Authors: Milla Kortelainen (CSC), Kuisma Lehtonen (CSC), Katriina Karkimo (Haaga-Helia AMK), Maria Söderholm (Syke), Turkka Näppilä (Tampereen yliopisto)

CSC’s Fairdata services, together with experts from other CSC research data management services, organized a series of workshops for eight pilot organizations. The aim was to examine the current state and target state of the organizations’ data governance processes through the lens of the Data Governance Reference Architecture (DAHA), with a particular focus on the Fairdata services. DAHA is a framework established by the Ministry of Education and Culture’s scientific computing and data management cooperation forum. It provides guidance for achieving the target state of research data governance by 2030.

The pilot involved five universities, one university of applied sciences, and two research institutes. In addition to CSC experts, the workshops included Fairdata service contact persons from the organizations as well as specialists from data support and research services. Typically, the work consisted of one full‑day in‑person meeting and 1–2 two‑hour online meetings. Each organization was represented by 3–14 key participants, and CSC by 5–10 experts. The pilot organization and CSC jointly selected the DAHA processes to be examined in each workshop. Usually, fewer than ten processes were covered.

Main objectives of the pilot

  • Identify how the selected DAHA processes are currently implemented and define the target state in collaboration between Fairdata and the organizations.
  • Align service processes and clarify roles, responsibilities, and prerequisites for utilizing services.
  • Identify potential system integration and development needs.

Key insights from the workshops

The workshops revealed that research data governance processes in research organizations are still evolving.
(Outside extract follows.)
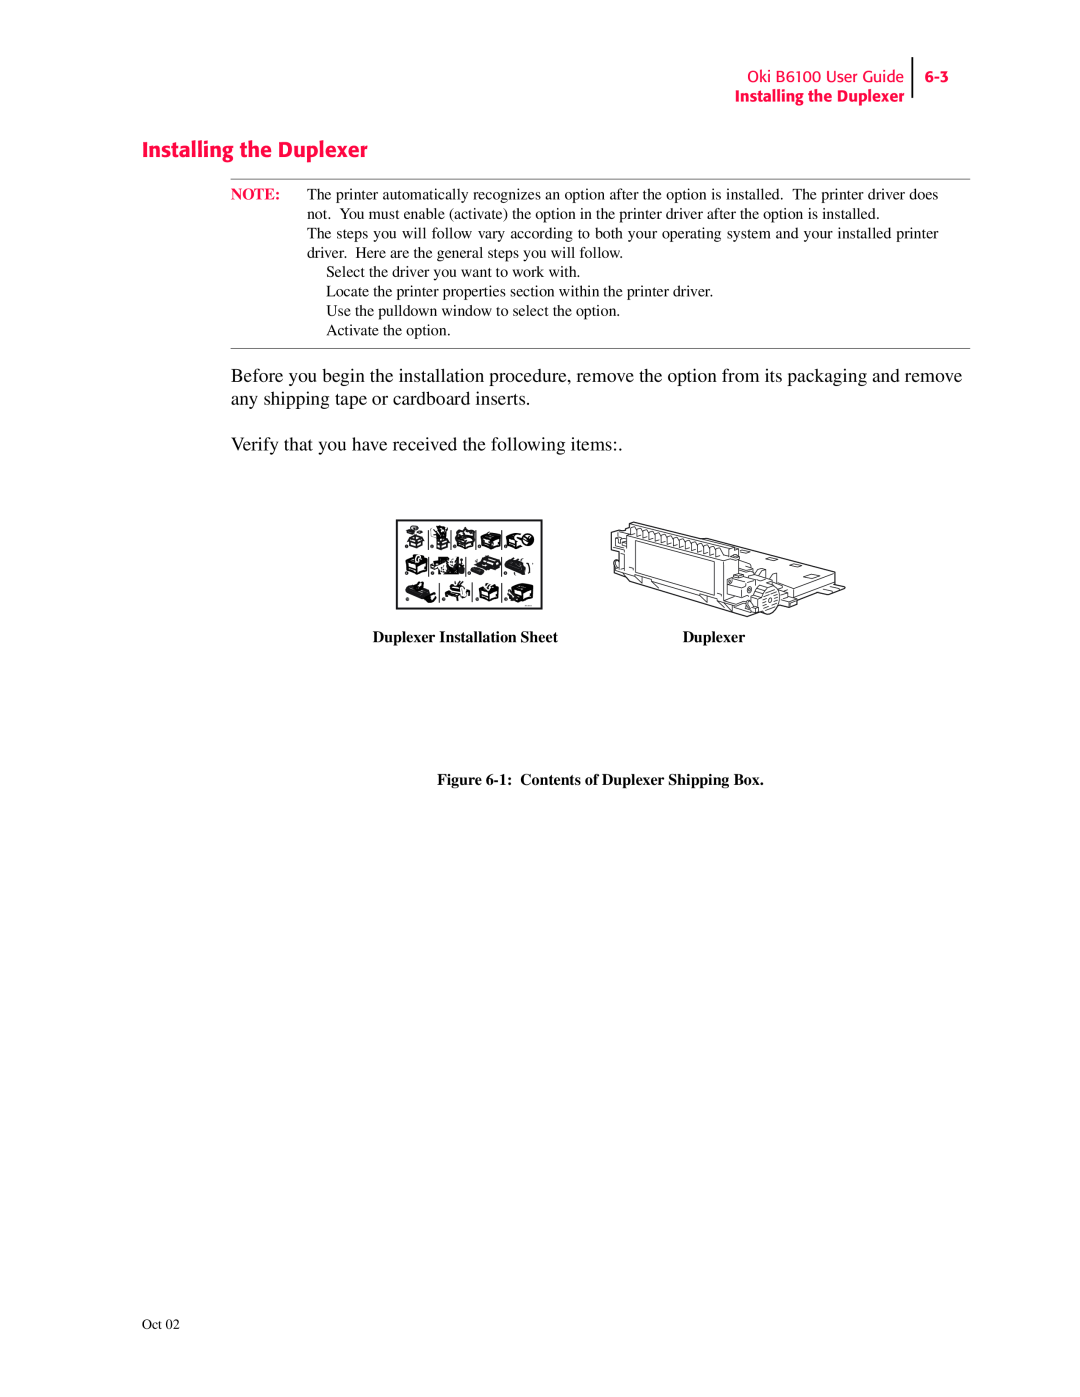 Oki 6100 manual Installing the Duplexer, Verify that you have received the following items, Duplexer Installation Sheet

Organizations often lack sufficient visibility into ongoing research and related data management practices, partly because researchers may not be obligated to report their activities or data processing. In terms of data governance, research and RDI projects can operate quite independently, there are several different solutions available for storing and processing data, and the researchers’ choices are not always visible at the organizational level. As a result, research data may remain unused, does not fulfill the FAIR principles as it is not findable or reusable, and post‑research preservation may be difficult. Strengthening organizational governance through clearly defined processes supports controlled data lifecycles and eases researchers’ work by providing ready‑made solutions and operating models for different data governance use cases

Key challenges

Central challenges in data management include the responsibility placed on researchers to manage the data lifecycle, lack of a leadership-level support and guidance, and insufficient awareness of existing common national data management services within organizations. Researchers’ knowledge of data management principles is often limited, and resources are scarce, which means data management is not always addressed at the right time. This complicates long‑term preservation and re-usability after a project ends, particularly when contractual issues arise, or essential preservation‑related information is missing.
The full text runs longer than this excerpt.